Alhasil, FGD tersebut menawarkan reorientasi pembangunan bagi kabupaten yang secara geografis berada pada 6º41' sampai 7º19' Lintang Selatan dan antara 107º22' sampai 108º5' Bujur Timur, itu. Muaranya adalah peningkatan kesejahteraan rakyat dan keseimbangan ruang budidaya dan konservasi secara proporsional.

Selepas itu, pusat pemerintahan Kabupaten Bandung terletak di Soreang. Dari Soreang inilah Bupati Dadang Naser dan Wakil Bupati Gun Gun Gunawan menggerakkan akselerasi pencapaian visi Kabupaten Bandung Maju, Mandiri dan Berdaya Saing - melalui tata kelola pemerintahan yang baik dan sinergi pembangunan perdesaan, berlandaskan religiusitas, kultural dan berwawasan lingkungan.

Luas keseluruhan Kabupaten Bandung adalah 1.762,39 Kmyang secara administratif berbatasan dengan Kabupaten Bandung Barat, Kota Bandung dan Kabupaten Sumedang (Utara); Kabupaten Sumedang dan Kabupaten Garut (Timur); Kabupaten Garut dan Kabupaten Kabupaten Cianjur (Selatan); Kabupaten Bandung Barat dan Kabupaten Cianjur (Barat); serta, Kota Bandung dan Kota Cimahi (Tengah).

Sebagian besar wilayah Kabupaten Bandung merupakan wilayah pegunungan dengan iklim tropis dan karakter hutan hujan tropis. Kondisi ini memungkinkan Kabupaten Bandung sebagai kawasan pertanian, industri berbasis pertanian (industri pengolahan) dan industri manufaktur, termasuk kawasan permukiman.

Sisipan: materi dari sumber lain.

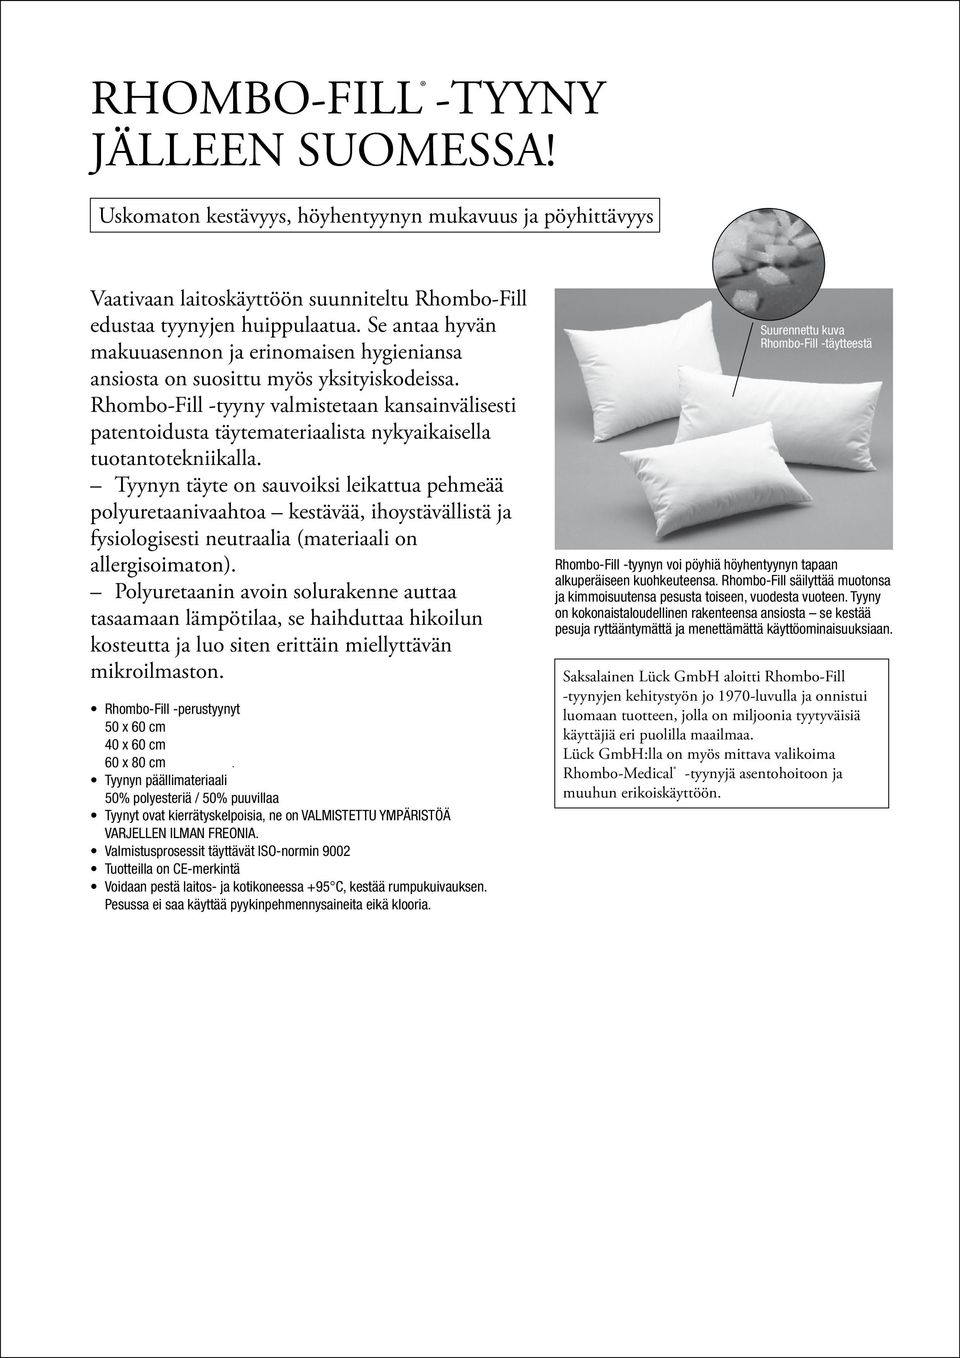 Rhombo-Fill -tyyny valmistetaan kansainvälisesti patentoidusta täytemateriaalista nykyaikaisella tuotantotekniikalla.

Tentu, ketika kondisi alam dan lingkungan terawat baik dan harmonis dengan nilai budaya yang hidup di lingkungan masyarakatnya, Kabupaten Bandung merupakan kawasan destinasi wisata yang prospektif.

Kabupaten Bandung mempunyai sejarah panjang. Prof. Dr. Aobana H.M.A menulis, sebelum menjadi Kabupaten Bandung, kawasan ini disebut Tatar Ukur, yang merupakan bagian dari wilayah Kerajaan Timbanganten, dengan ibukotanya Tegal Luar.

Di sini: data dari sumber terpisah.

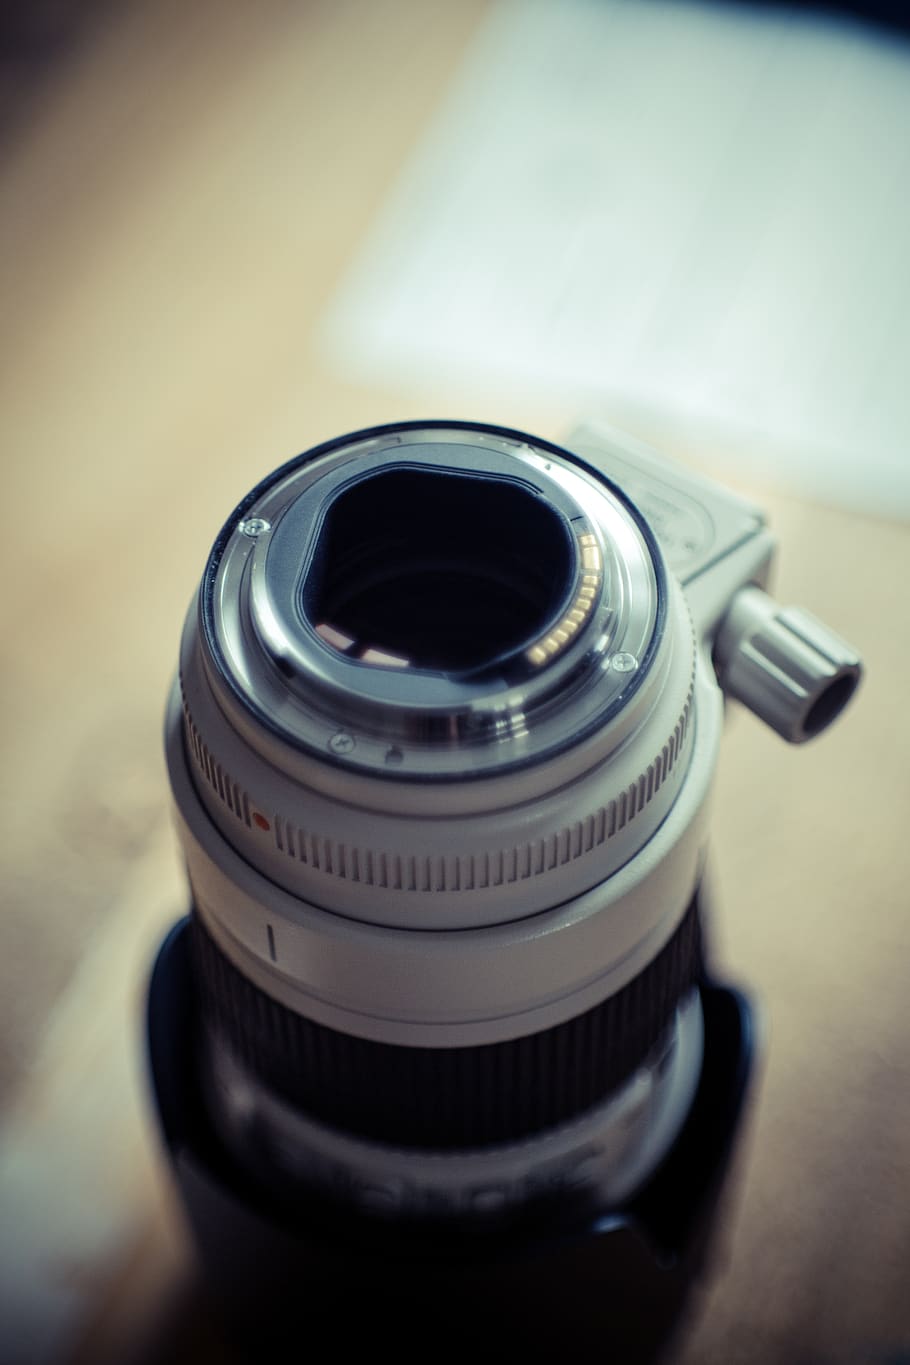 câmera, lente, preto, prata, fotografia, desfoque, temas de fotografia, tecnologia, câmera - equipamento fotográfico, lente - instrumento óptico

Kerajaan ini berada di bawah otoritas Kerajaan Sunda - Padjadjaran, yang sejak abad ke 15 dipimpin secara turun temurun oleh Prabu Pandaan Ukur, Dipati Agung, dan kemudian Dipati Ukur. Di masa pemerintahan Dipati Ukur, Tatar Ukur merupakan kawasan luas, mencakup sebagian besar wilayah Jawa Barat -- modern -- meliputi sembilan daerah yang disebut Ukur Sasanga.

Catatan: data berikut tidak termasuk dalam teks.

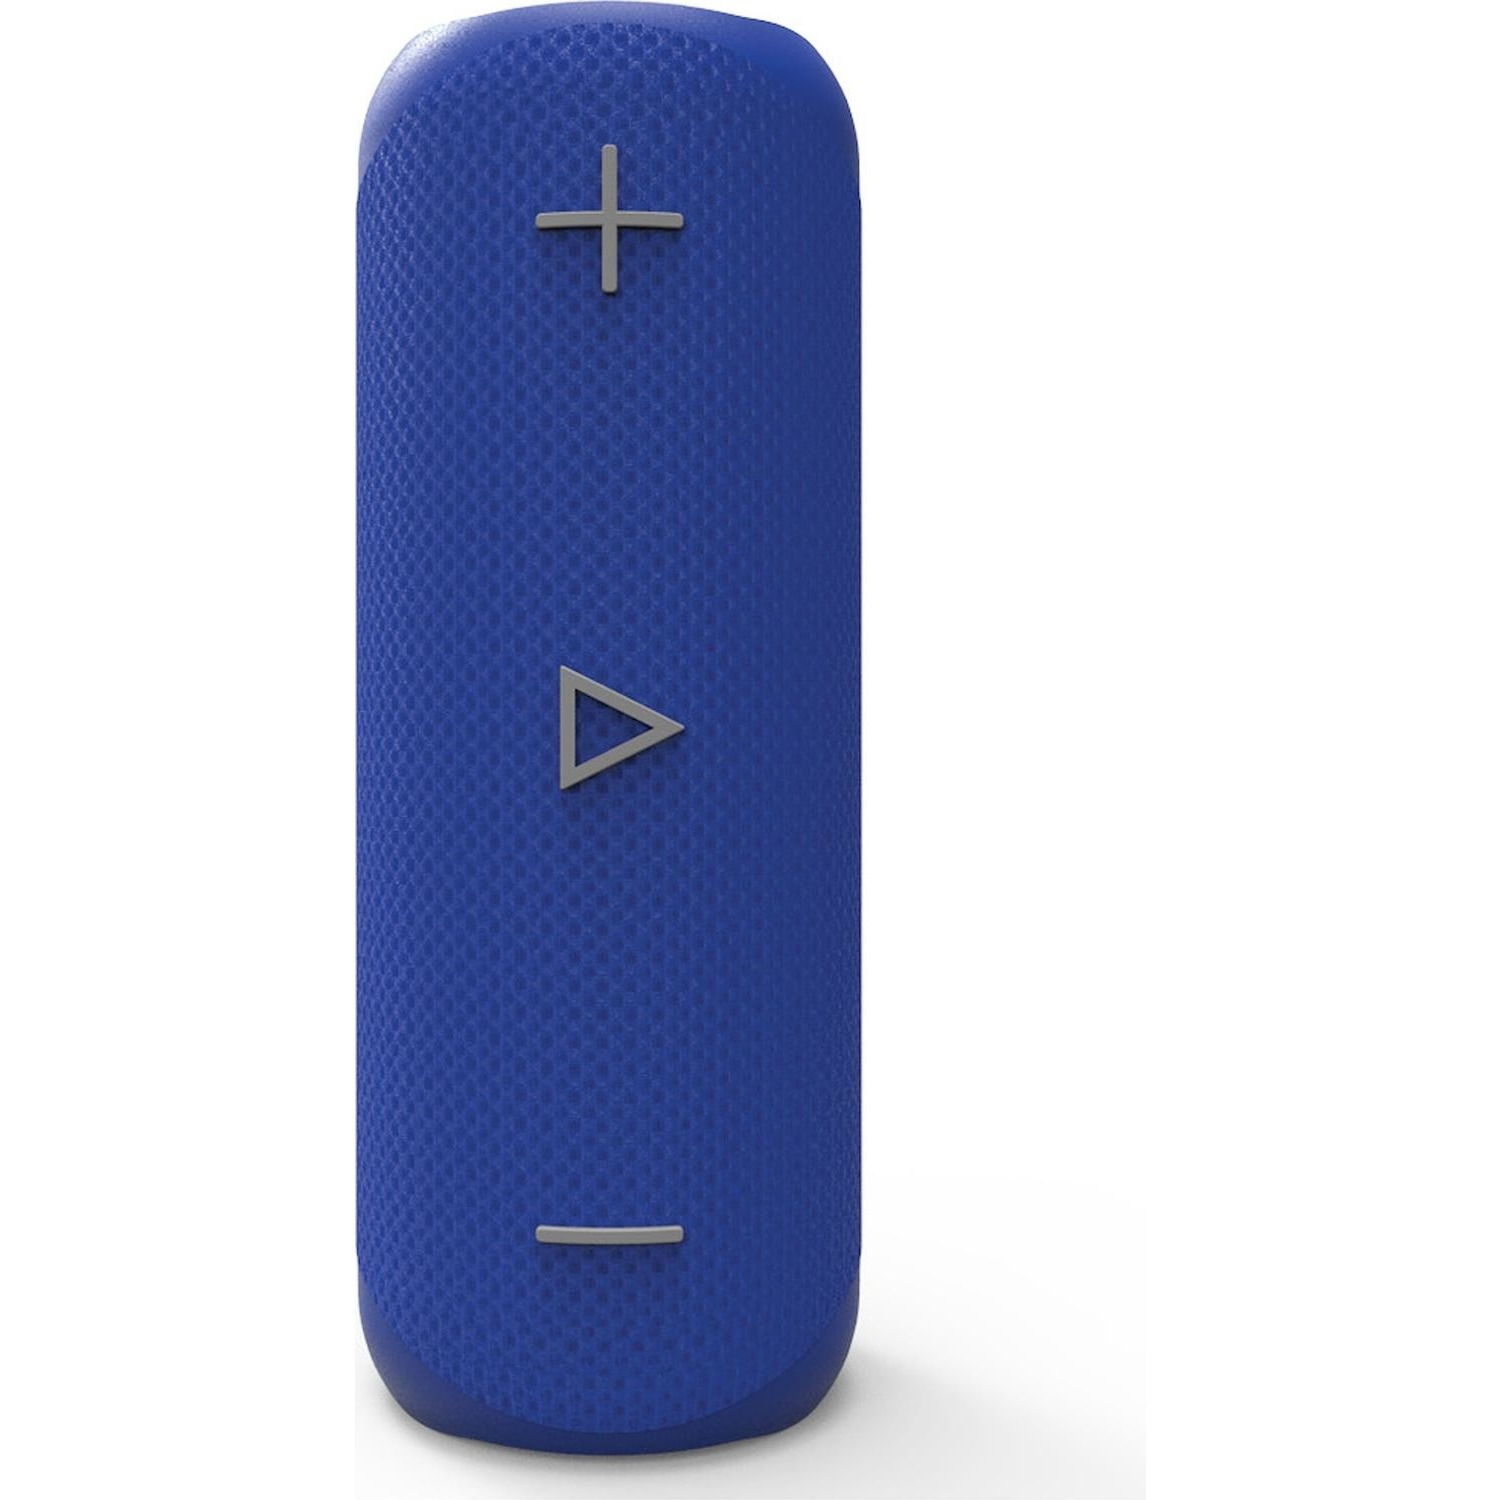 Immagine per Speaker bluetooth Sharp GX-BT280BL colore blue da DIMOStore

Setelah Kerajaan Sunda-Pajajaran runtuh (1579/1580) akibat gerakan Pasukan Banten dalam usaha menyebarkan agama Islam di daerah Jawa Barat, ungkap Prof. Sobana, Tatar Ukur menjadi wilayah kekuasaan Kerajaan Sumedanglarang, penerus Kerajaan Pajajaran, yang didirikan dan diperintah pertama kali oleh Prabu Geusan Ulun pada (1580-1608), dengan ibukota di Kutamaya, sebelah Barat kota Sumedang sekarang. Wilayah kekuasaan kerajaan itu meliputi daerah Priangan, kecuali daerah Galuh (sekarang bernama Ciamis).

Wilayah ini kemudian ditaklukan oleh Kerajaan Mataram. Dipati Ukur melakukan perlawanan dan kemudian ditangkap pada 1632 di Gunung Lumbung. Selepas itu, Sultan Agung membagi wilayah ini menjadi tiga Kabupaten, masing-masing Kabupaten Bandung, Kabupaten Parakanmuncang dan Kabupaten Sukapura -- yang kemudian menjadi Tasikmalaya. Belakangan hari, di era pasca Reformasi, Kabupaten Bandung terpecah lagi dengan pembentukan Kabupaten Bandung Barat dan Kota Cimahi.  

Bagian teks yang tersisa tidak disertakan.